Investment strategies can be made on the basis of fundamental and technical analysis. Fundamental analysis helps an investor in buying the quantity of gold by studying the economic and industry conditions to the financial condition and management of companies. In technical analysis, past prices and volume is taken into consideration to predict future prices and trends. As explained by Deutsche Bank, “There are rising stresses in the global financial system; in particular the rising risk of a U.S. corporate default cycle and the risk of a sharp one-off renminbi devaluation due to the sharp increase in China’s capital outflows. Buying some gold as ‘insurance’ is warranted.”
Though great advantages are available for making an investment in gold but they still contribute a small percentage in the portfolio of majority of small investors, where major share is occupied by equities, debt and other money market instruments, real estate and other alternative instruments.
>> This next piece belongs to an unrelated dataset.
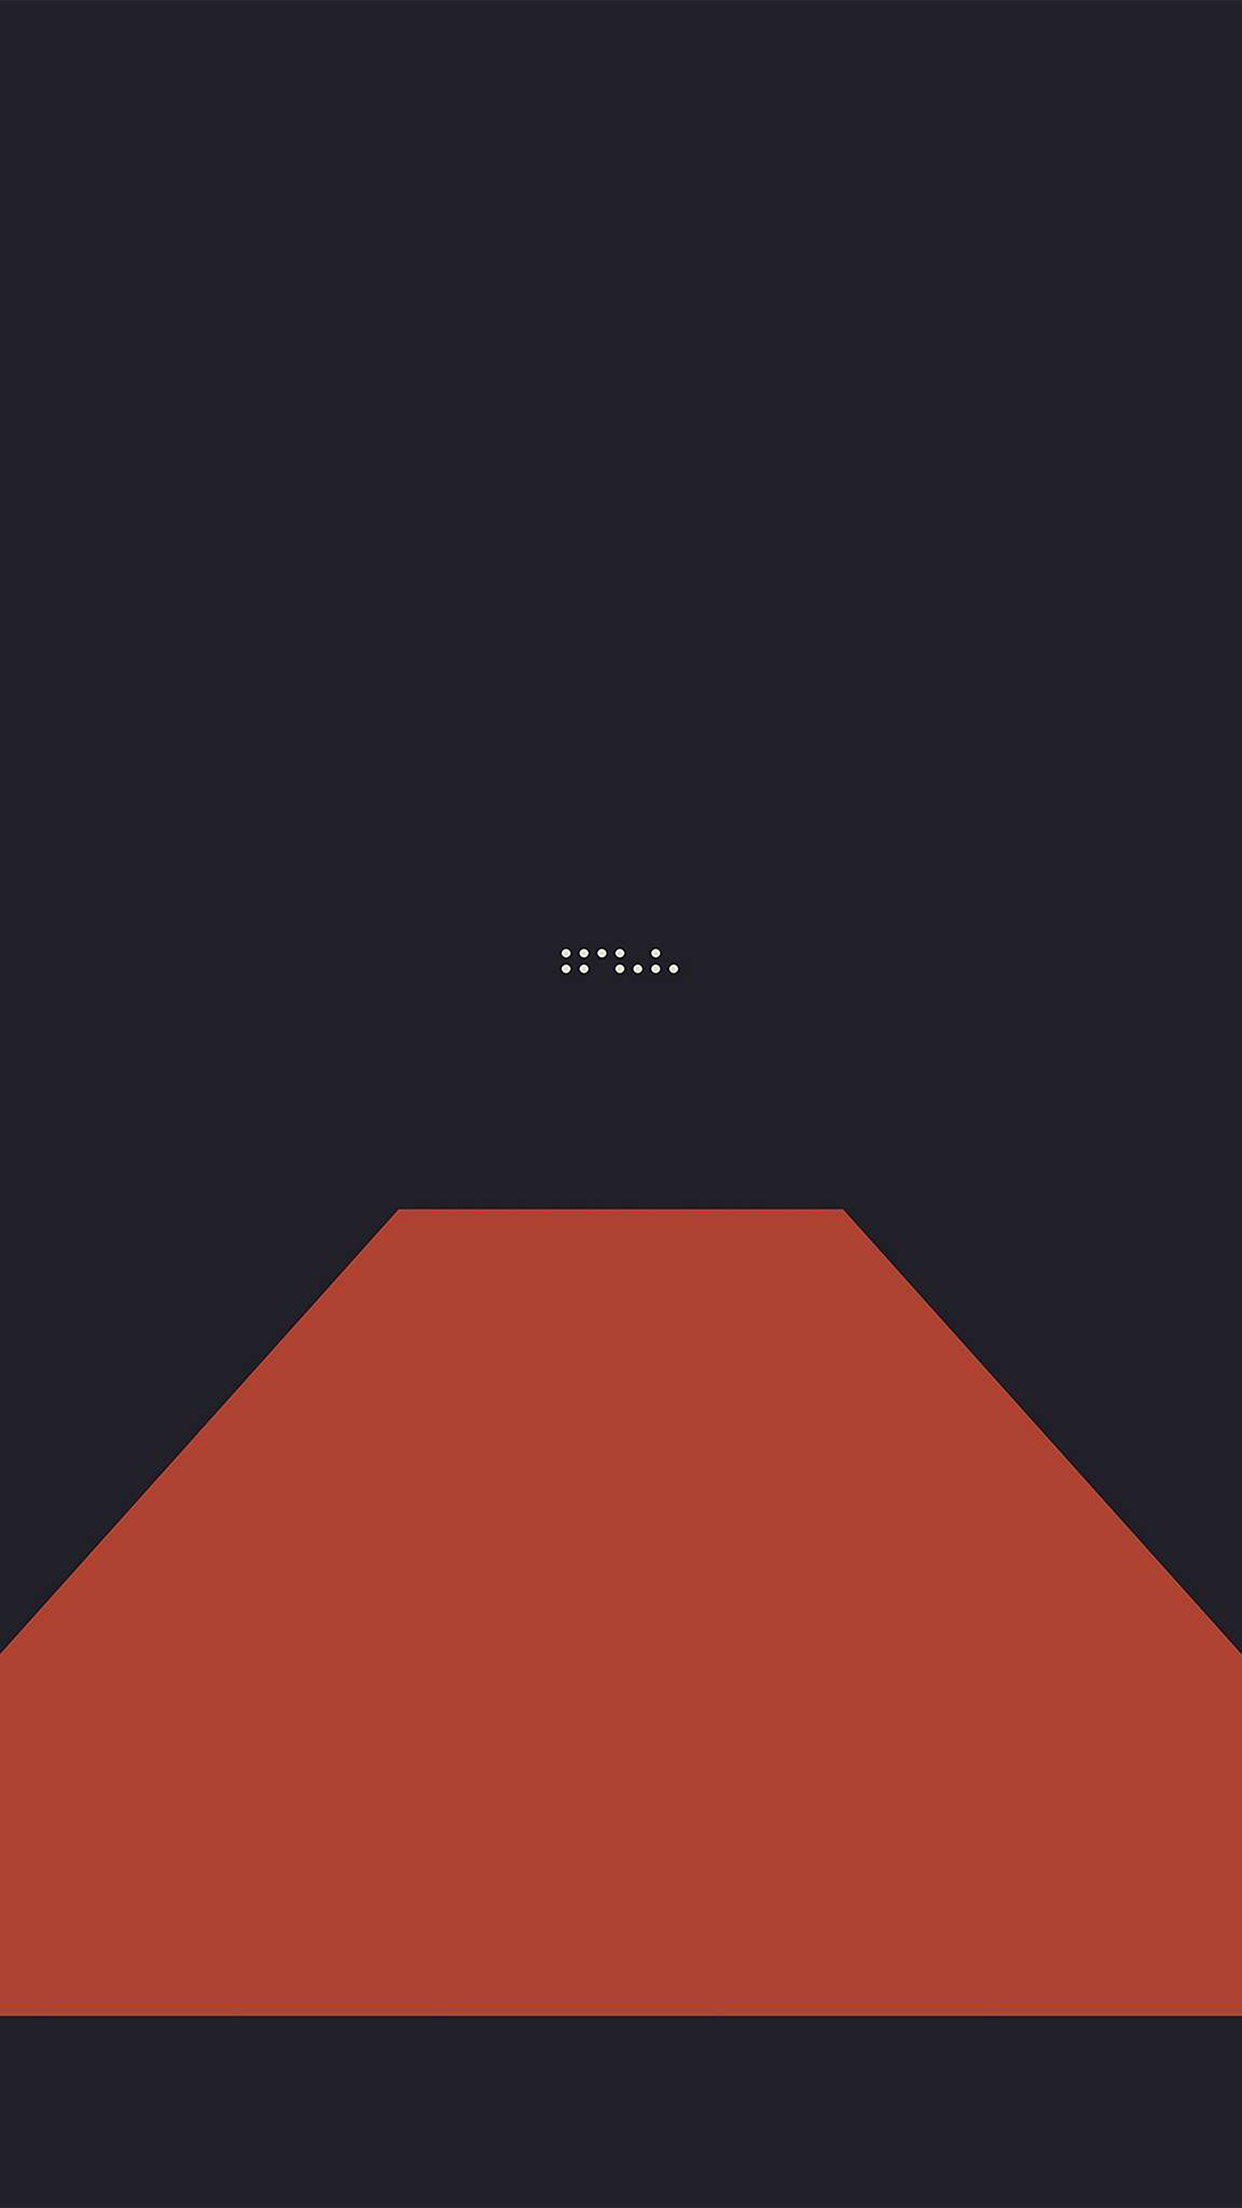 Simple Tycho Red Dark Abstract Minimal Art Illustration Android wallpaper

Gold has provided more superior returns than equities. Gold should be considered as a strategic long term instrument.
Changing trend of gold prices
Gold was being traded at 554.45 USD/oz on March 2006 and rose to 1108.00 USD/oz as on March 2011. Now it has increased to 1231.70 USD/oz as on March 2, 2016. Gold is expected to trade higher because of the negative interest rates offered by the central banks in European Union, Japan and Sweden. Despite a strong increase in personal income, consumer spending, PCE (Personal consumer Expenditure) Inflation and US GDP growth rate, prices of gold is still increasing. While the US dollar and interest rates are important factors in explaining the price movement of gold, as mentioned, they are not the sole components. Secondly, gold’s positive portfolio attributes (low correlations to other asset classes) have historically remained consistent through time. Value of gold has reached a very appealing level. Thus, a rising trend is being forecasted in the prices of this yellow metal over the coming years.
Below is the graph depicting the past performance of gold.
Gold prices from past 26 years, 2011 a spike in gold price went to an historic high.
Gold Price US dollar/Oz, See the gold prices from past 10 years.
Gold should be a staple of every investor’s portfolio in an Gold IRA. During times of crisis, when countries default and money loses meaning, gold still retains and sometimes even increases in value. Gold is the currency of last resort. It is imperative that an individual investor should place a substantial amount of his portfolio in Gold to earn handsome returns in the long term and also have insurance for the rainy times.